Dai modelli matematici è emerso che con una temperatura media più fredda di 1,2° C, analoga a quella che si registrava in epoca preindustriale, un'ondata di calore così estrema come quella che ha colpito il Regno Unito sarebbe stata decisamente più improbabile. Durante l'epoca preindustriale, inoltre, sarebbe stata di 4° C più fresca, specificano gli esperti. Dopo aver combinato i dati osservazionali con quelli dei modelli climatici, i ricercatori hanno determinato che il riscaldamento globale provocato dall'uomo “ha reso l'evento almeno 10 volte più probabile”. “Nei modelli – aggiungono gli esperti – lo stesso evento sarebbe di circa 2° C meno caldo in un mondo più freddo di 1,2°C, che è una variazione di intensità molto più piccola di quella osservata”.

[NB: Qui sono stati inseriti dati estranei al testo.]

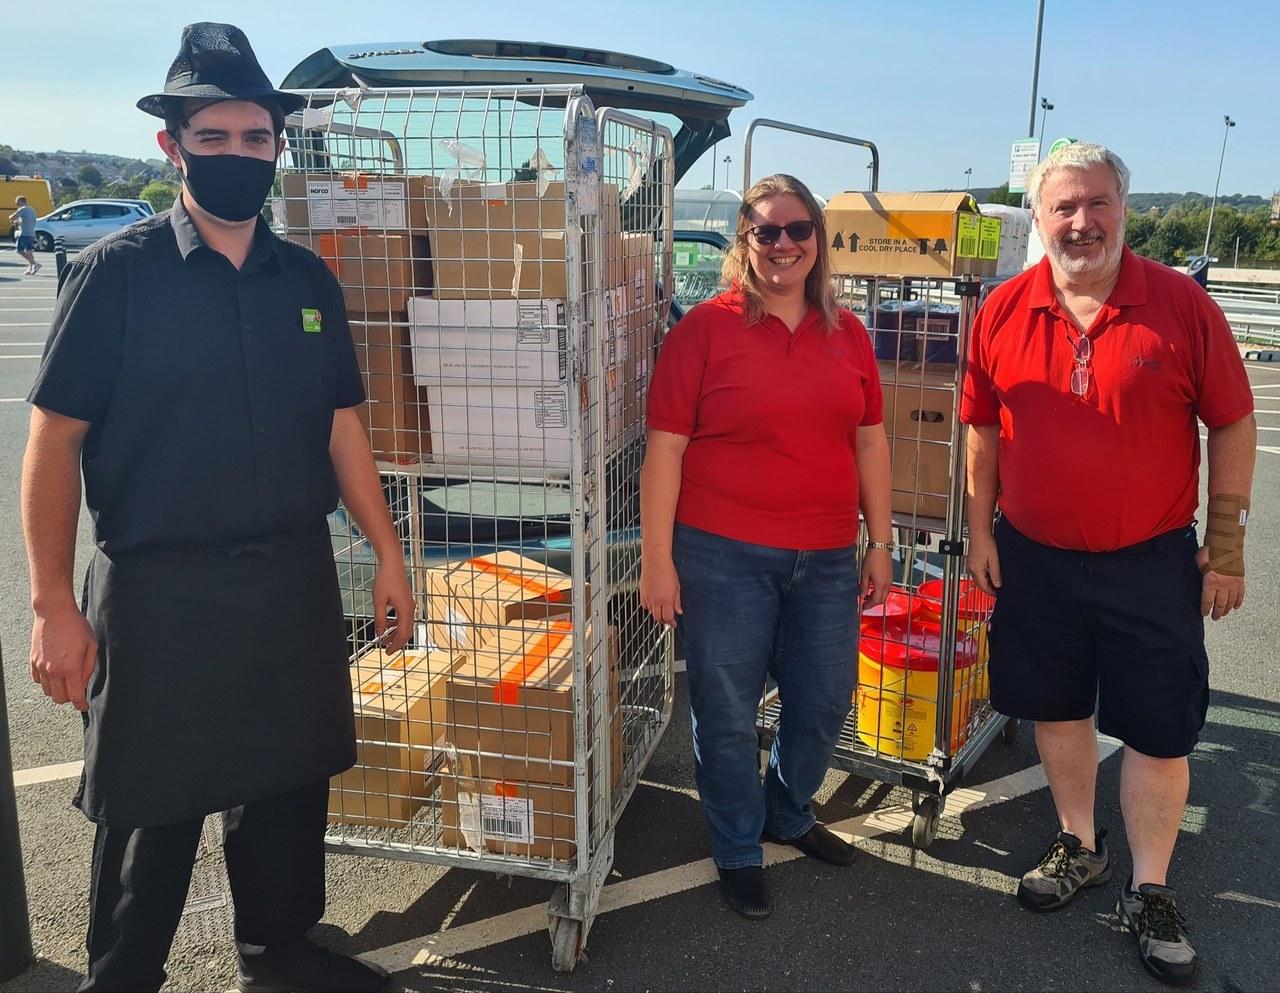 Salvation Army donation | Asda Newport Isle of Wight

Gli scienziati sottolineano che le ondate di calore rappresentano un serio rischio per la salute delle persone e sono un fenomeno aggravato non solo dai cambiamenti climatici, ma anche da altri fattori come “l'invecchiamento della popolazione, l'urbanizzazione, il cambiamento delle strutture sociali e i livelli di preparazione”. Se non faremo nulla per contenere i cambiamenti climatici, tagliando nettamente e rapidamente le emissioni di carbonio, in futuro questi eventi estremi risulteranno sempre più frequenti e drammatici.